In Moscow, Ruth and Fox arrive under constant KGB surveillance and are installed in a bugged suite at the National Hotel, where they stage convincing scenes as newlyweds. When they visit the Digby family, Ruth is struck by Sasha's apparent contentment and sobriety. She begins to suspect that Iris, not Sasha, is the driving force behind the extraction.
Iris goes into labor and undergoes an emergency cesarean section; her son Gregory is born healthy. Fox disappears to retrieve supplies from a prearranged hidden cache, including passports, a gun, and a disguise. Ruth discovers that the KGB has secretly searched Sasha's apartment, and Sasha has relapsed, leaving the Digbys' eldest son, 11-year-old Kip, to care for his siblings. Meanwhile, Lyudmila has Orlovsky's teenage daughter kidnapped and, through coercion, confirms Fox's identity as an intelligence operative.
Ruth bullies the Soviet officials into transferring Iris to a clinic near Riga, Latvia. Fox reveals to Ruth that after the war, FBI Director J. Edgar Hoover tasked him to work independently outside any agency to root out Soviet moles in Western intelligence. On the train, Ruth drugs the KGB handler's tea and slips off with Iris at the small Latvian town of Ogre. Fox arrives in a stolen KGB car with the Digby children and Sasha locked in the trunk. They drive toward the Baltic coast but are captured and brought to a military facility.
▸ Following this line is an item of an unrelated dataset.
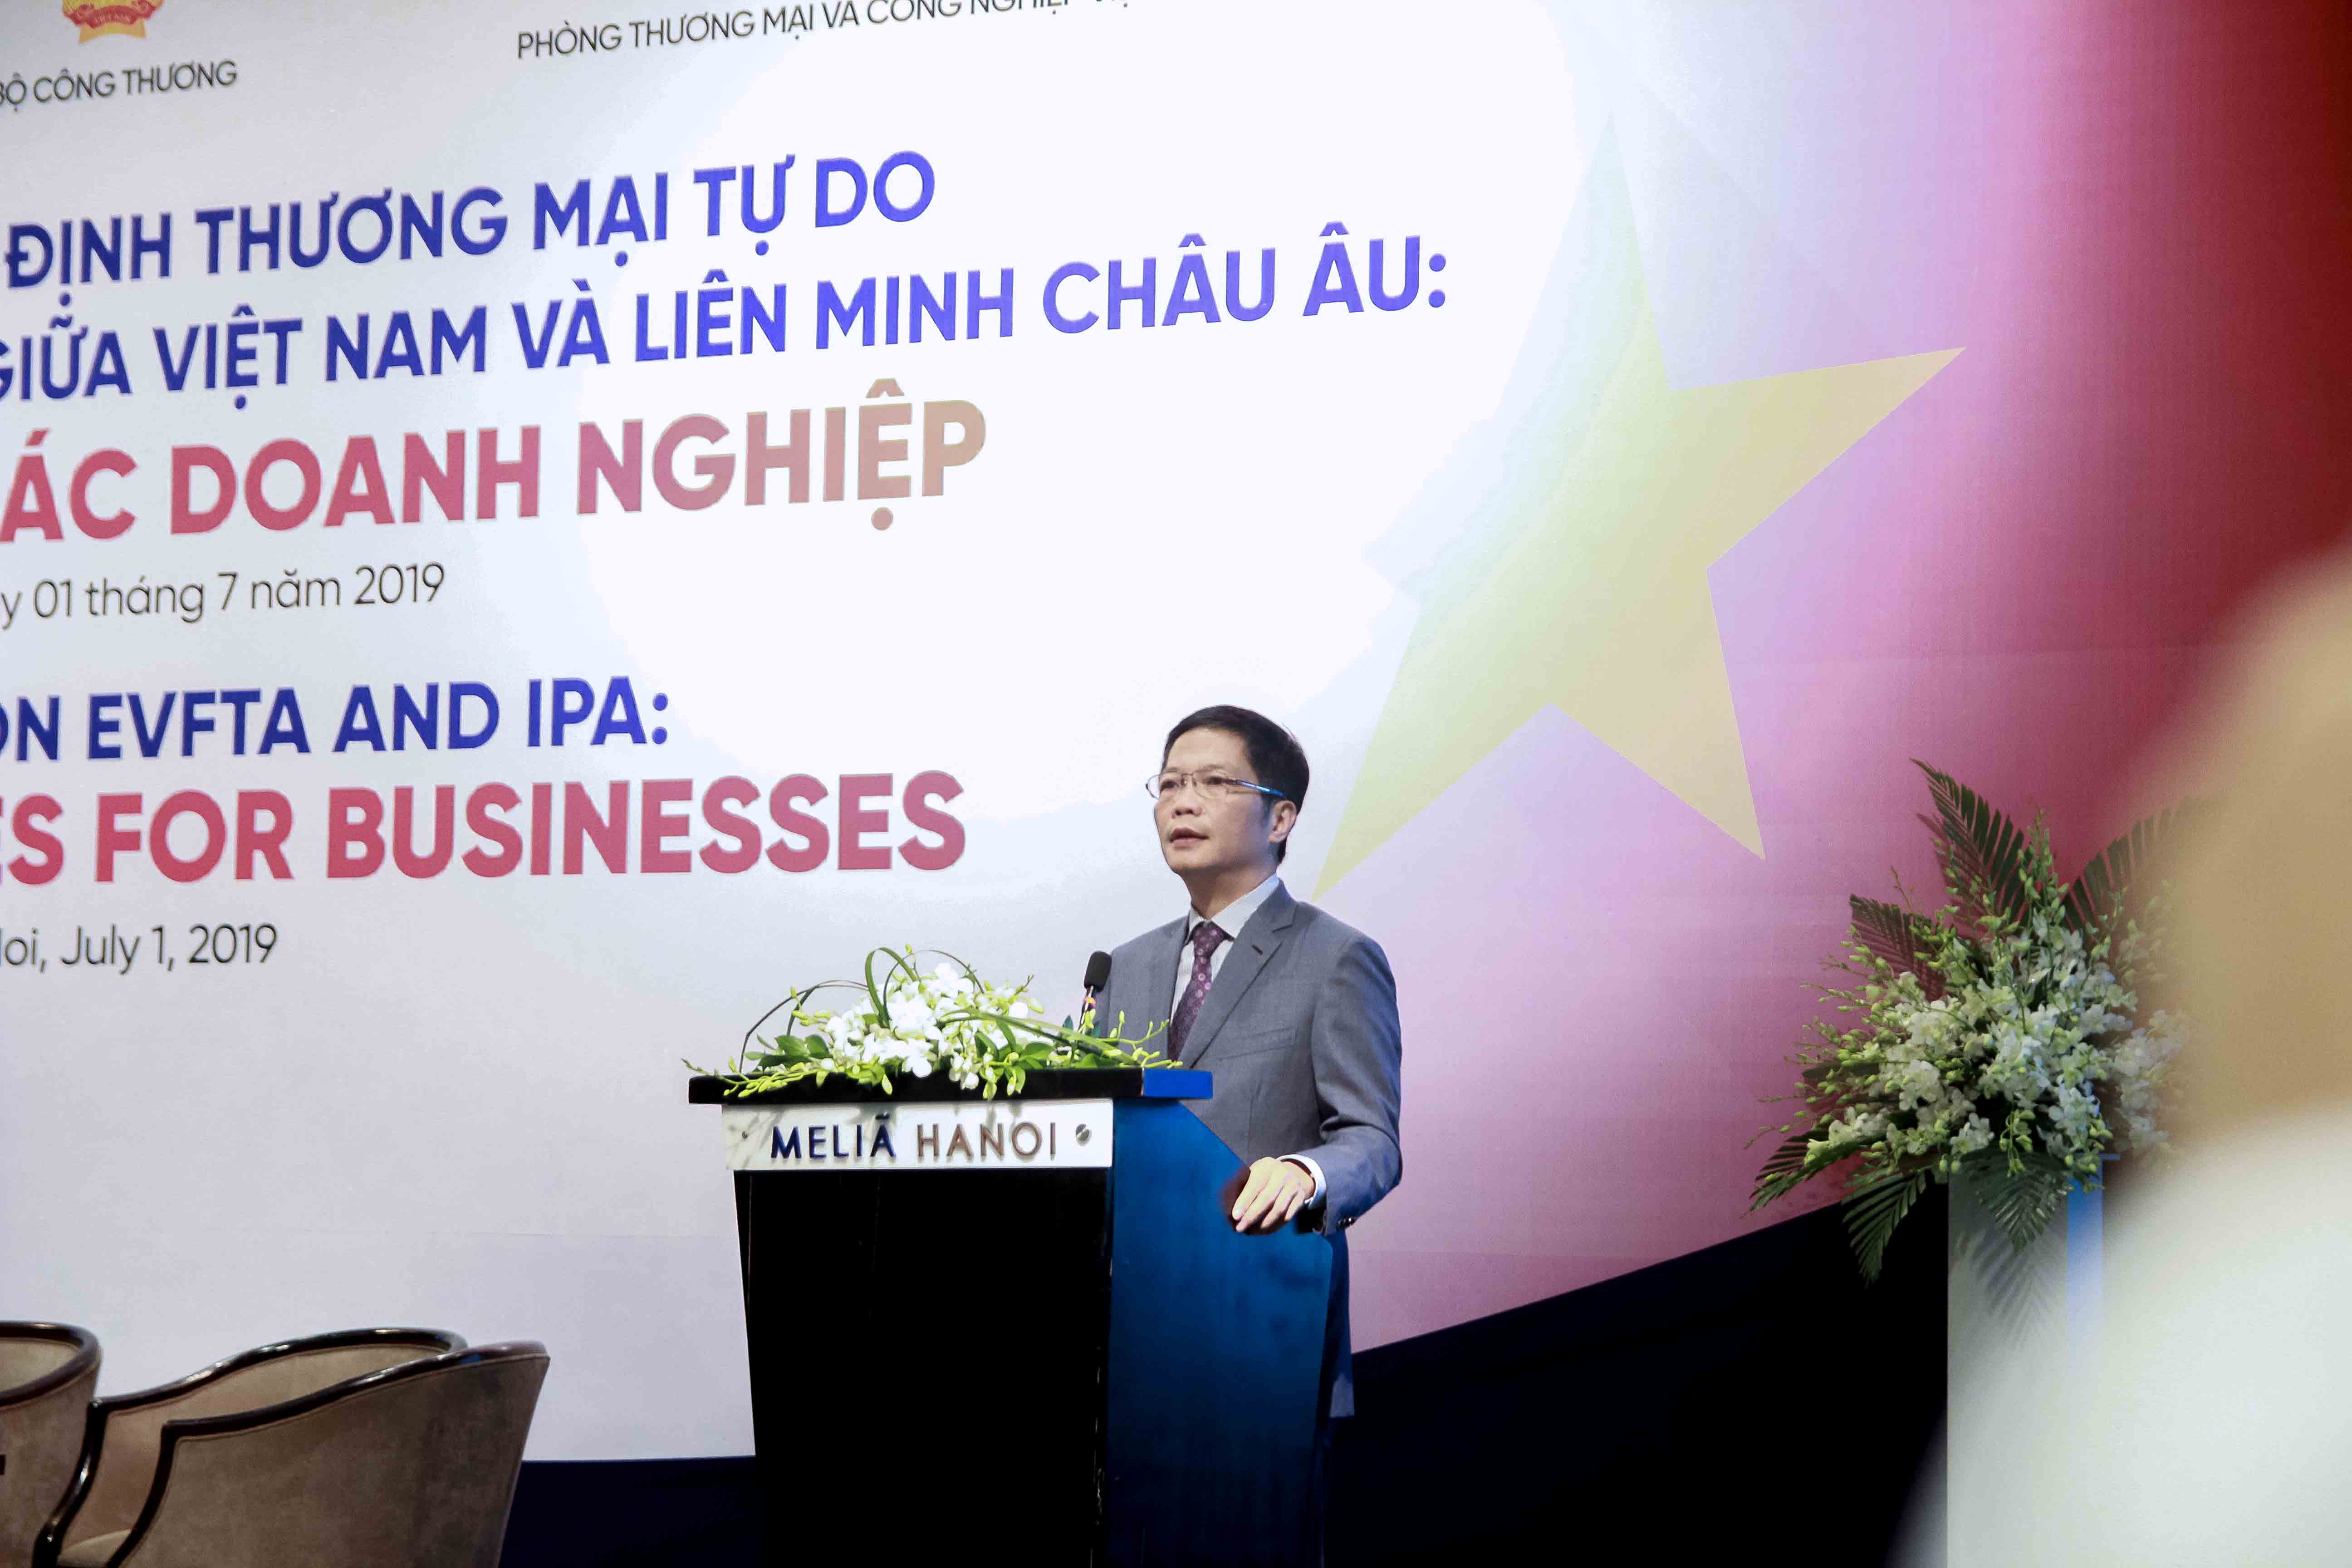 Đối thoại về Hiệp định Thương mại tự do và Hiệp định Bảo hộ đầu tư giữa Việt Nam và Liên minh Châu Âu: Cơ hội cho doanh nghiệp

There, Lyudmila interrogates Sasha, who insists he was kidnapped. She presents evidence linking the operation to Honeysuckle Cottage and the code name ASCOT. Sasha recalls discovering a hidden radio receiver in his desk and is devastated by the implication: Iris has been the counterspy all along, conducting espionage under his nose for four years. He agrees to cooperate but possesses little useful intelligence because he never knew the details of his wife's operation.
Lyudmila's hand is forced by her daughter Marina, who attends the same school as the Digby children. Marina tracks the prisoners to the facility and shoots a guard trying to free them. The general warns that Marina's crime carries severe consequences. Lyudmila visits the badly injured Fox in his cell and makes him a proposition whose terms remain unrevealed. On the beach at twilight, she lines up the prisoners before armed guards and announces the penalty for treason is death. After a paralyzing silence, she adds: "or exile." Behind them, two men and a rowboat wait on the sand.
The group rows to a fishing trawler, where Philip Beauchamp hauls Iris aboard. Ruth grasps how the intelligence Iris gathered over four years in Moscow was smuggled out: It was hidden in Gregory's soiled diaper bag, invisible because no one would search a baby's diapers, and no one imagined a housewife could be the spy.
In the final chapter, Iris recovers at Honeysuckle Cottage. She reveals to Ruth that after Philip was shot, she volunteered to defect with Sasha and become the counterspy herself, arguing that her invisibility as a mother made her the perfect agent. Philip arrives with a telegram: Fox has been found alive in Berlin. Ruth races to meet the evacuation flight, while Philip assures Iris that Fox will live, because he has something to live for.